---------- Records provided
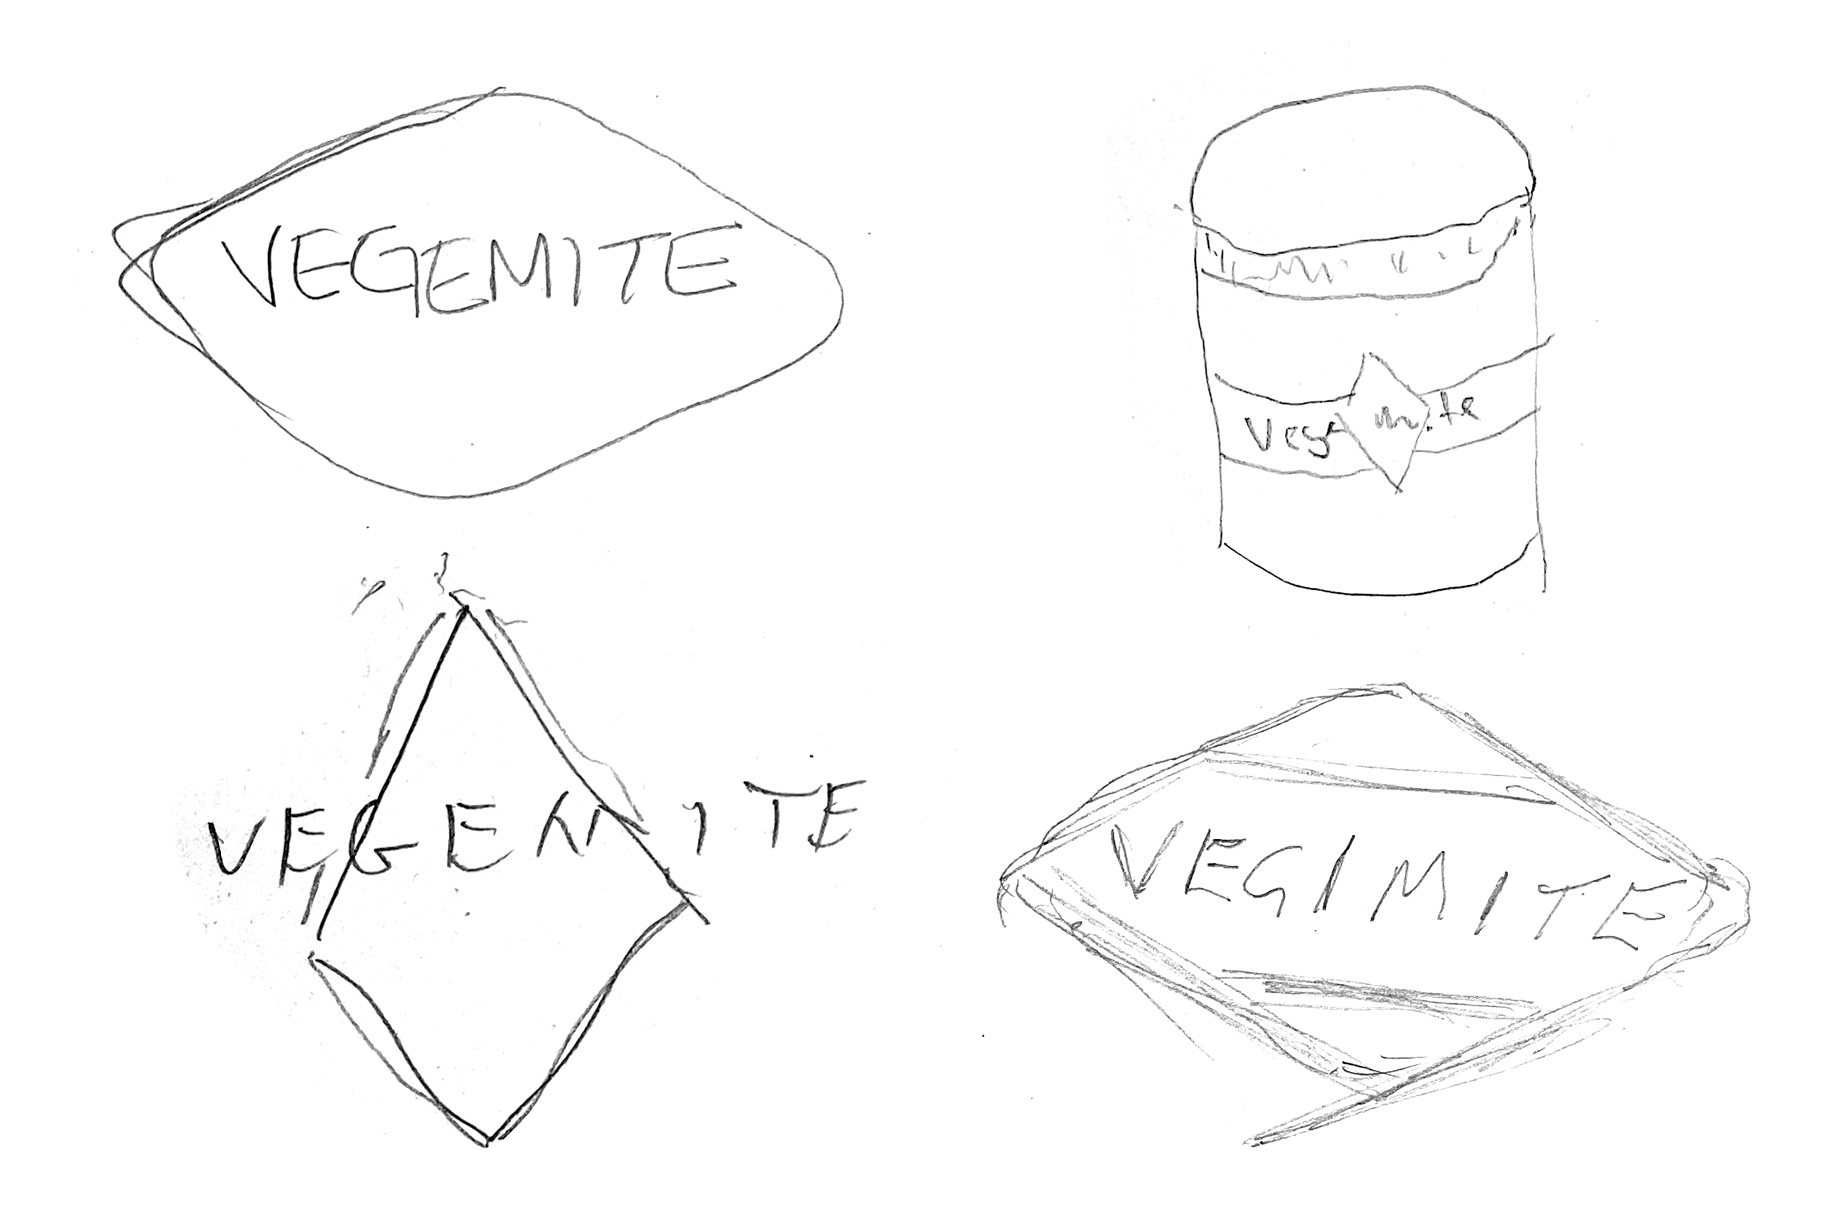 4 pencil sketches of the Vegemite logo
--------------------
---------- Records provided
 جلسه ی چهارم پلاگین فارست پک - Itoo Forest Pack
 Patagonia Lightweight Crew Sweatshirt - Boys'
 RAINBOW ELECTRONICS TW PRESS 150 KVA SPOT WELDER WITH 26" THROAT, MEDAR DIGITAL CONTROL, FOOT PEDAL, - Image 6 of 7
--------------------
▶ _Task brief_: Given the data above, transcribe exactly the lines from the one containing "Patagonia Lightweight Crew" down to the one containing "RAINBOW ELECTRONICS TW", and no others.

▶ _Response to this task_:
 Patagonia Lightweight Crew Sweatshirt - Boys'
 RAINBOW ELECTRONICS TW PRESS 150 KVA SPOT WELDER WITH 26" THROAT, MEDAR DIGITAL CONTROL, FOOT PEDAL, - Image 6 of 7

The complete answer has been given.